06Which has better profit margins — ATMV or ACIC or HCI or PSFE?
HCI Group, Inc.
(HCI) is the more profitable company, earning 33. 2% net margin versus -10. 7% for Paysafe Limited — meaning it keeps 33. 2% of every revenue dollar as bottom-line profit. Operating margin tells a similar story: HCI leads at 47. 7% versus 0. 0% for ATMV. At the gross margin level — before operating expenses — ACIC leads at 86. 3%, reflecting greater pricing power or product mix advantage. Stronger margins indicate durable pricing power, lower cost of revenue, or higher mix of software/services. They are one of the clearest signs of business quality.
07Is ATMV or ACIC or HCI or PSFE more undervalued right now?
On forward earnings alone, Paysafe Limited (PSFE) trades at 4.
3x forward P/E versus 9. 2x for HCI Group, Inc. — 4. 9x cheaper on a one-year earnings basis. Analyst consensus price targets imply the most upside for PSFE: 6. 5% to $10. 00.
08Which pays a better dividend — ATMV or ACIC or HCI or PSFE?
In this comparison, HCI (1.
0% yield) pays a dividend. ATMV, ACIC, PSFE do not pay a meaningful dividend and should not be held primarily for income.
09Is ATMV or ACIC or HCI or PSFE better for a retirement portfolio?
For long-horizon retirement investors, HCI Group, Inc.

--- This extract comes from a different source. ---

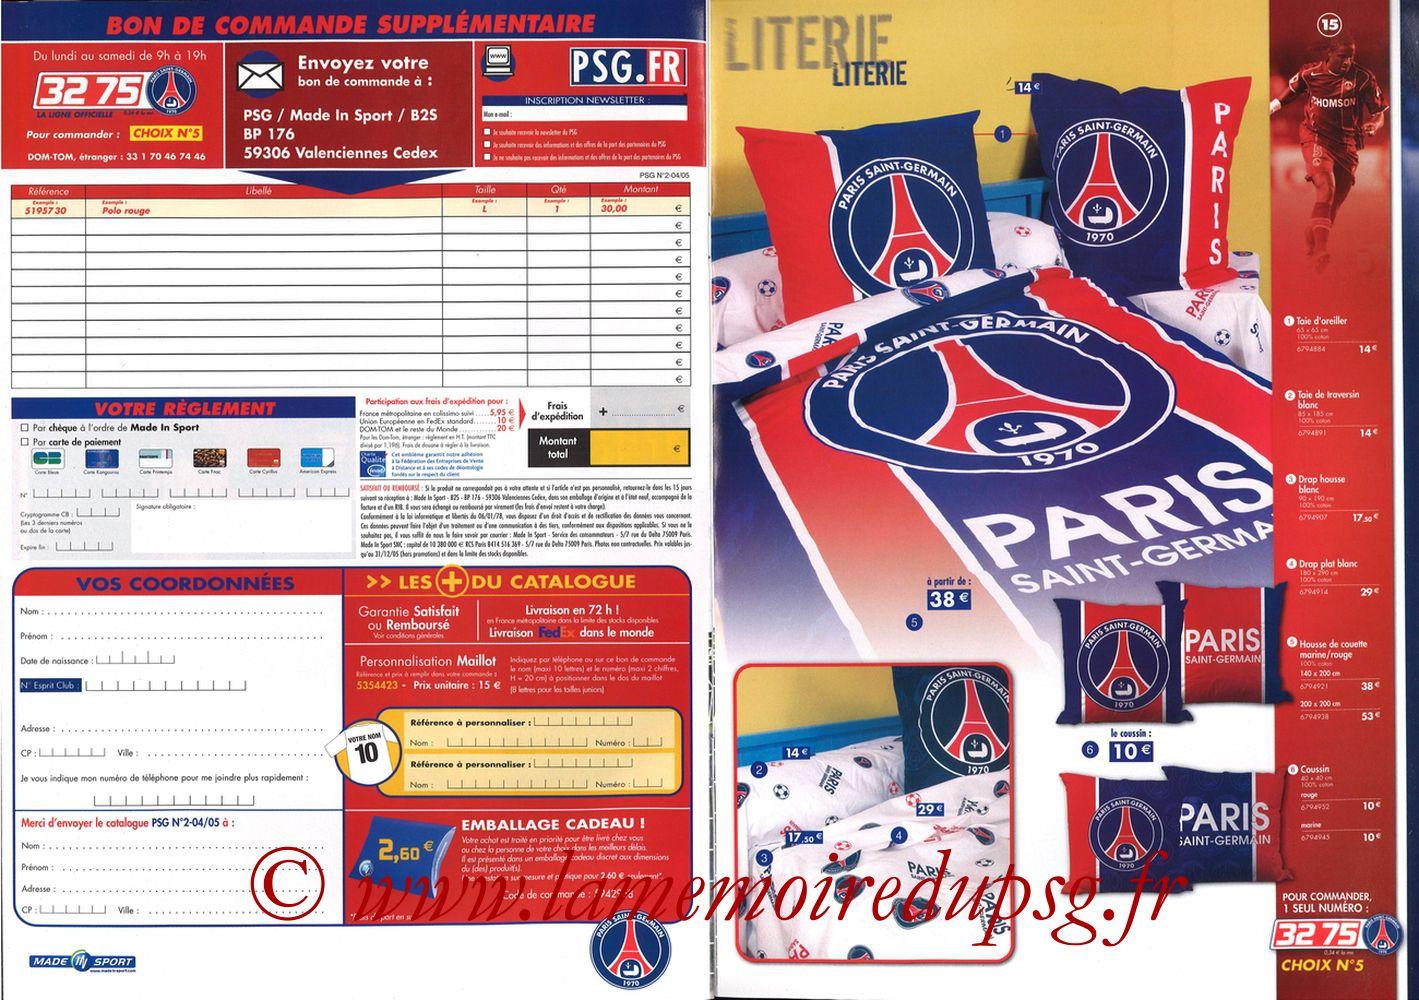 Catalogue PSG - 2004-05 - Pages 10 et 11

(HCI) is the stronger choice — it scores higher on the combination of lower volatility, dividend reliability, and long-term compounding (low volatility (β 0. 39), 1. 0% yield, +436. 8% 10Y return). Paysafe Limited (PSFE) carries a higher beta of 2. 35 — meaning larger drawdowns in market downturns, which matters significantly when you cannot wait years for a recovery. Both have compounded well over 10 years (HCI: +436. 8%, PSFE: -92. 1%), confirming both are viable long-term holds — but the lower-volatility option typically results in less emotional selling during corrections. Retirement portfolios generally favour predictability over maximum returns. Consult a financial advisor before making allocation decisions.

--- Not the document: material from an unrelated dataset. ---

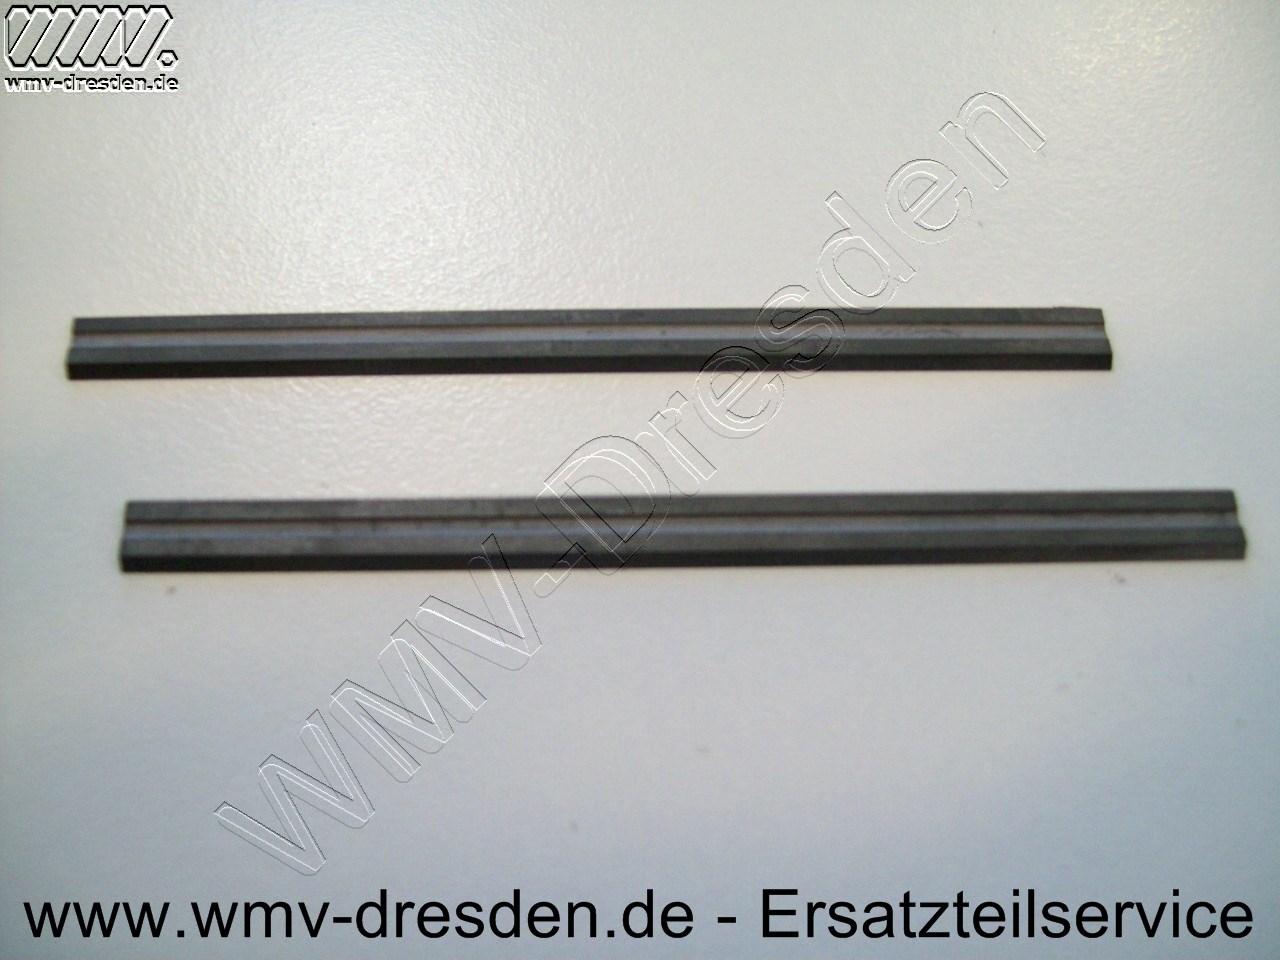 Hartmetall-Wendehobelmesserpaar 75,5 mm lang, 1,1 mm dick, 5,5 mm hoch, Führungsnut hinten (Rückennut)

10What are the main differences between ATMV and ACIC and HCI and PSFE?
These companies operate in different sectors (ATMV (Financial Services) and ACIC (Financial Services) and HCI (Financial Services) and PSFE (Technology)), which means they face different economic cycles, regulatory environments, and macro sensitivities — making direct comparison nuanced.
In terms of investment character: ATMV is a small-cap quality compounder stock; ACIC is a small-cap deep-value stock; HCI is a small-cap high-growth stock; PSFE is a small-cap quality compounder stock. HCI pays a dividend while ATMV, ACIC, PSFE do not, making them suitable for different income and tax situations. These fundamental differences mean investors should not choose between them on a single metric — the "better stock" depends entirely on which of these characteristics aligns with your investment strategy.
Find Stocks Like These
Explore pre-built screens for each stock's profile, or build a custom screen to find stocks that outperform all of them.
You Might Also Compare
Based on how these companies actually compete and overlap — not just which sector they're filed under.